**Provided entries:**
*****

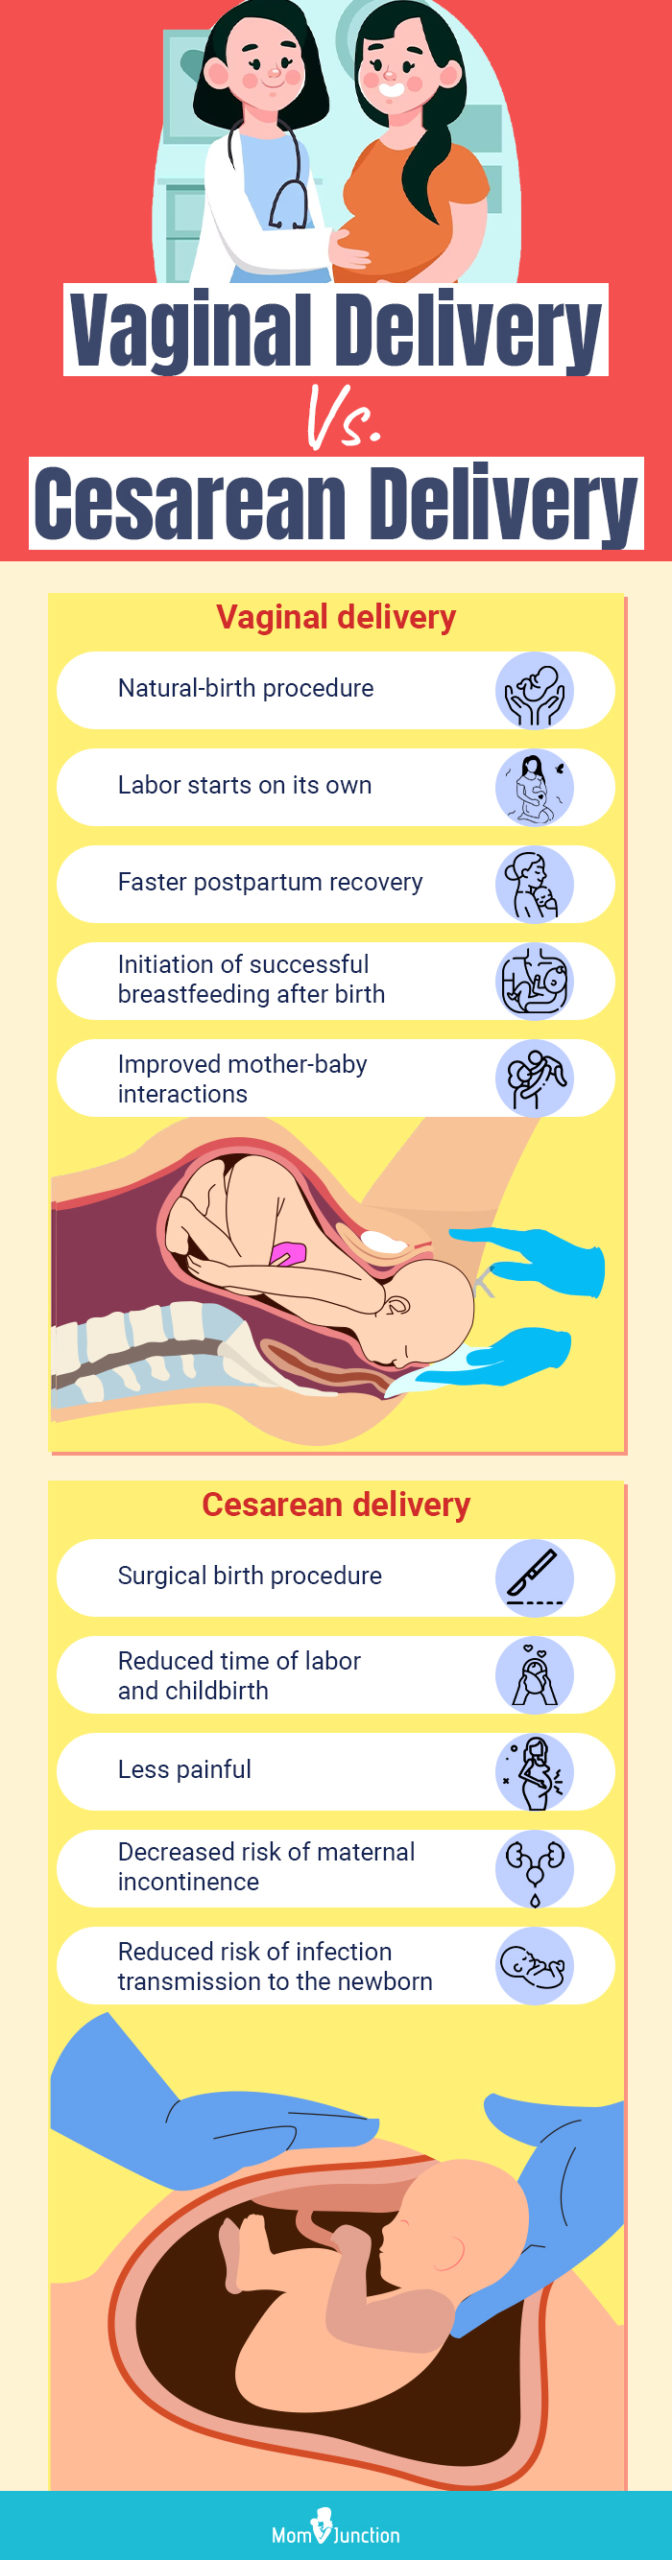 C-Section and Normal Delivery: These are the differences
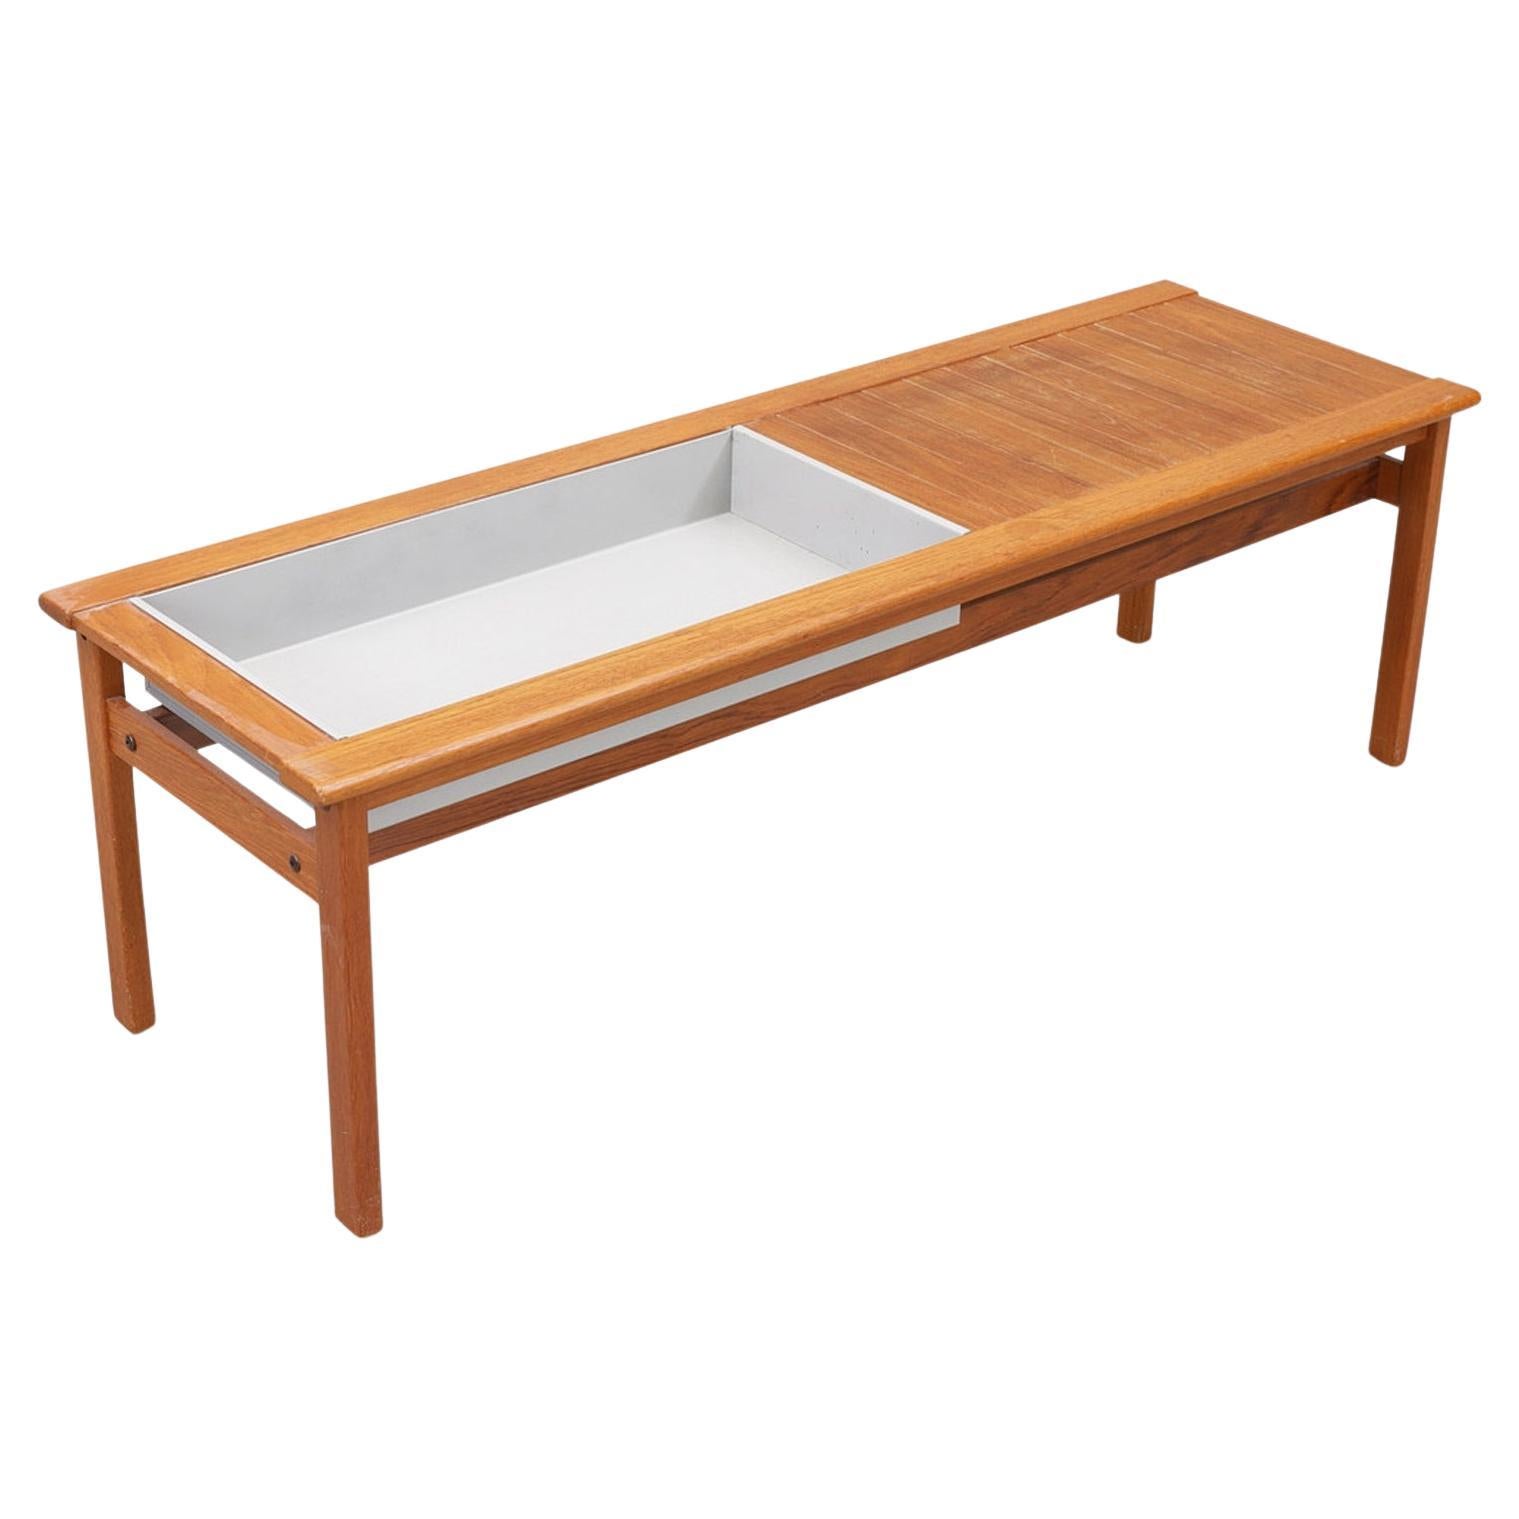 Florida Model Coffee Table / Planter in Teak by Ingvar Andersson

*****

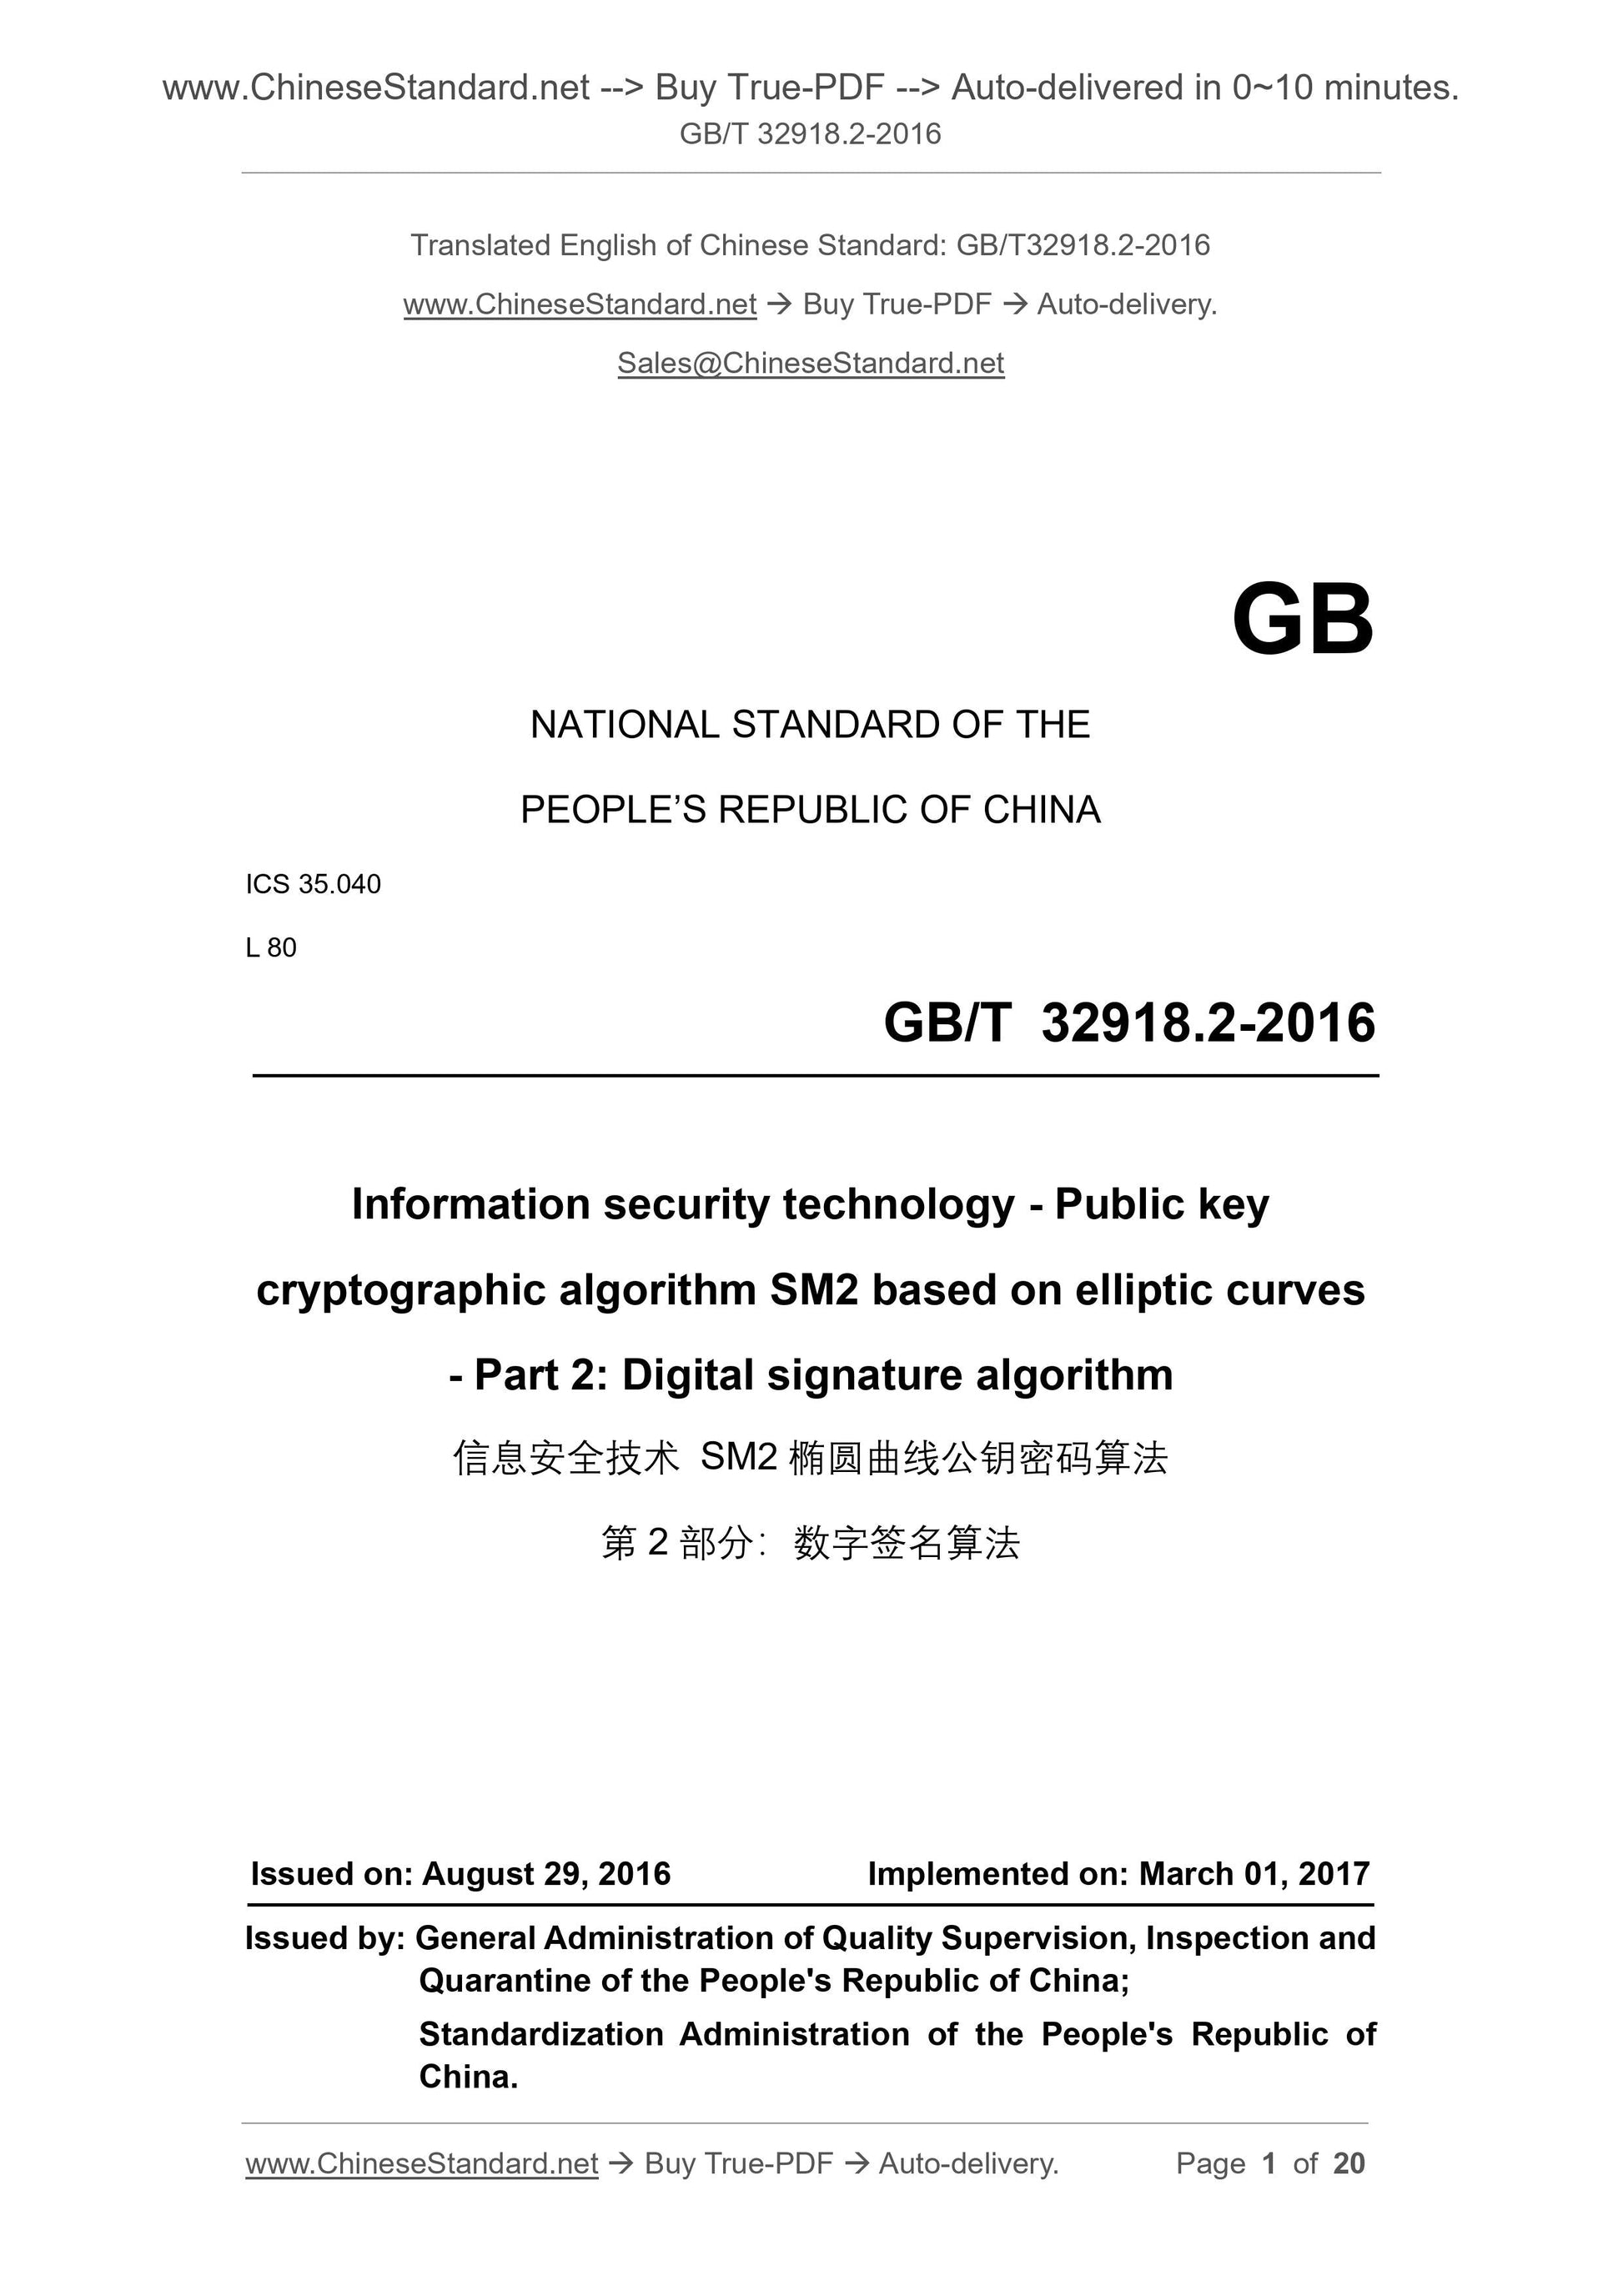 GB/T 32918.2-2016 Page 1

*****

Word for word, write out the lines above running from the one with "C-Section and Normal" up to and including the one with "Florida Model Coffee". Drop any picture.

**Solution for this exercise:**
 C-Section and Normal Delivery: These are the differences
 Florida Model Coffee Table / Planter in Teak by Ingvar Andersson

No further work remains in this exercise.